The concert’s first half brought two welcome rarities, Mendelssohn’s Trumpet Overture (of which none of us present at the talk admitted to having heard live) and the Fourth Symphony of Danish composer Niels Gade (1817-90). The Overture, written more or less contemporaneously with the overture to A Midsummer Night’s Dream, does not deserve its total neglect. Especially when played by a ’historically aware’ group, as here, its quiet central sections contain sudden moments of real magic as woodwinds call softly over plangent strings. Elsewhere the strings made light work of the energetic writing (which would probably sound too strenuous on the ’modern’ instruments). The overture’s final bar catches the audience unaware – trumpets and timpani end on E rather than the home C major.
Gade got his first big break when his Ossian Overture was judged by Mendelssohn to be the outright winner of a composition competition in Copenhagen and, after Mendelssohn’s untimely death, for a brief period Gade became his successor as Director of the Leipzig Gewandhaus concerts. The Fourth Symphony – Hogwood has recorded all 8 for Chandos – is pure delight, especially the soulful Andante and the compact, lilting Scherzo. Here it received as good a performance as one could reasonably hope to hear, the textures benefiting enormously from characterful wind and brass.

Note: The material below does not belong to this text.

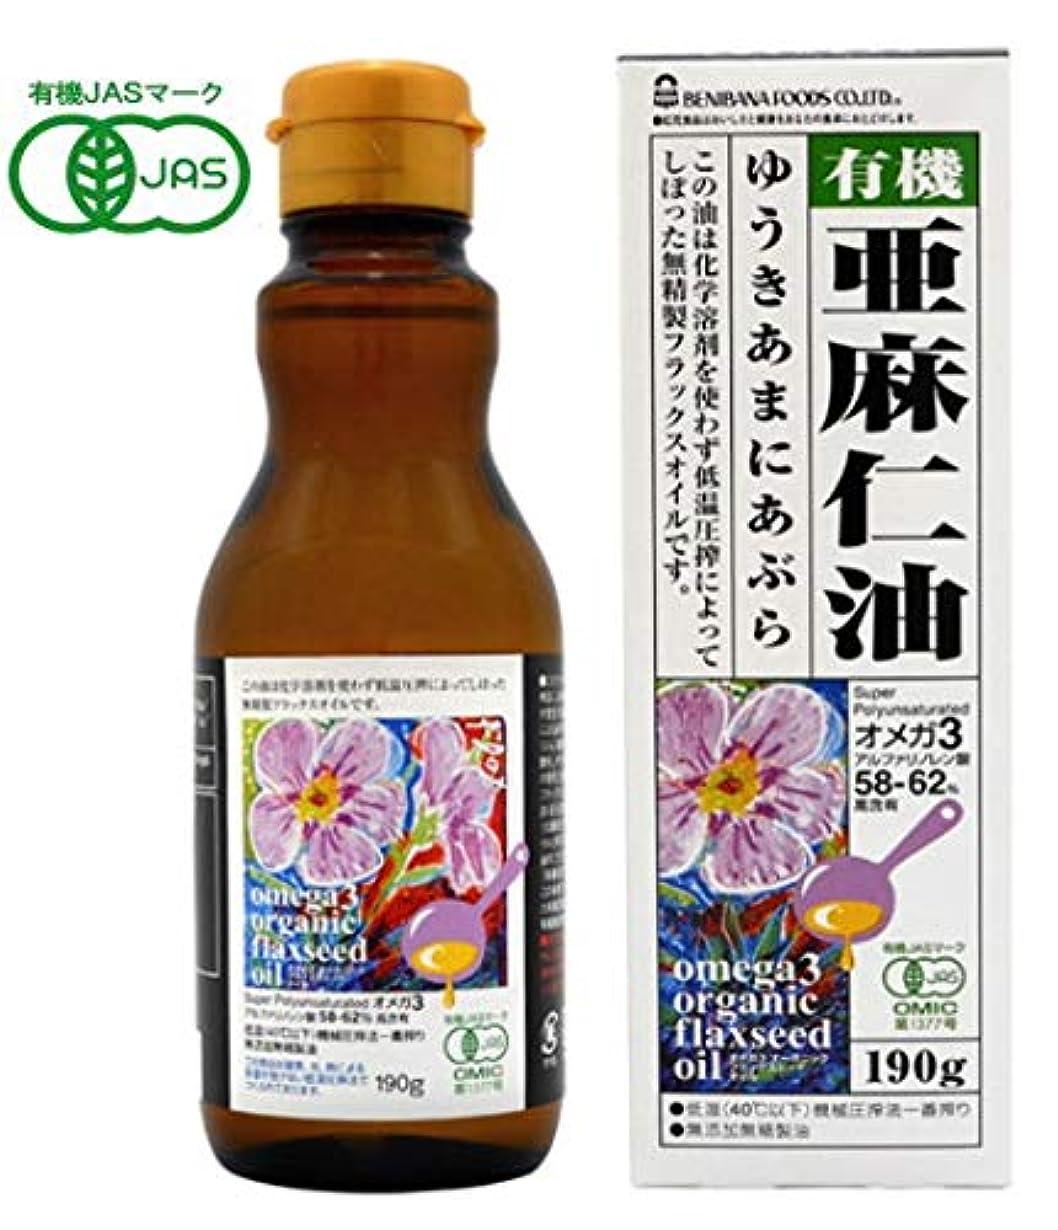 展開するラフ睡眠議論する紅花食品 オーガニックフラックスシードオイル(有機亜麻仁油) 190g×8本セット

After the interval we were on more familiar ground, although there remained a twist – we heard the Schumann in its rarely heard original version of 1841. Beforehand, Antony Pay’s performance of the Weber had claims to bethe highlight of the concert. Pay recorded both concertos with the OAE nearly 20 years ago. His playing still has a contagious enthusiasm that carries all before it. Like watching a man on a tightrope cross Niagara Falls, this was a high-wire act, on occasion Pay’s fingers threatening to run ahead of himself in ever increasing feats of prestidigitation! He likes to live dangerously and how true to Weber, especially when deeper things were touched on in the melancholy slow movement.
Schumann’s first thoughts, from 1841, of his Symphony No.4 – much preferred by Brahms to the later, usually played 1851 revision (to Clara Schumann’s intense irritation) – found Pay resuming his seat as principal clarinet (how often do you see a soloist return to his orchestral chair once his solo spot is over?) and Hogwood at his most hyperactive. The slow movement apart, the three other movements are marked respectively Allegro di molto, Presto, and Allegro vivace (culminating in Prestissimo). In this more lightly scored version, Hogwood’s extreme tempos worked a treat, some roughness in the playing aside. Special praise to the finely played oboe of Katharina Speckelsen and Pavlo Beznosiuk’s violin in the Romanza.
For an encore, a tenderly phrased Entr’acte from Schubert’s Rosamunde.
Long may the Academy of Ancient Music continue to delight us.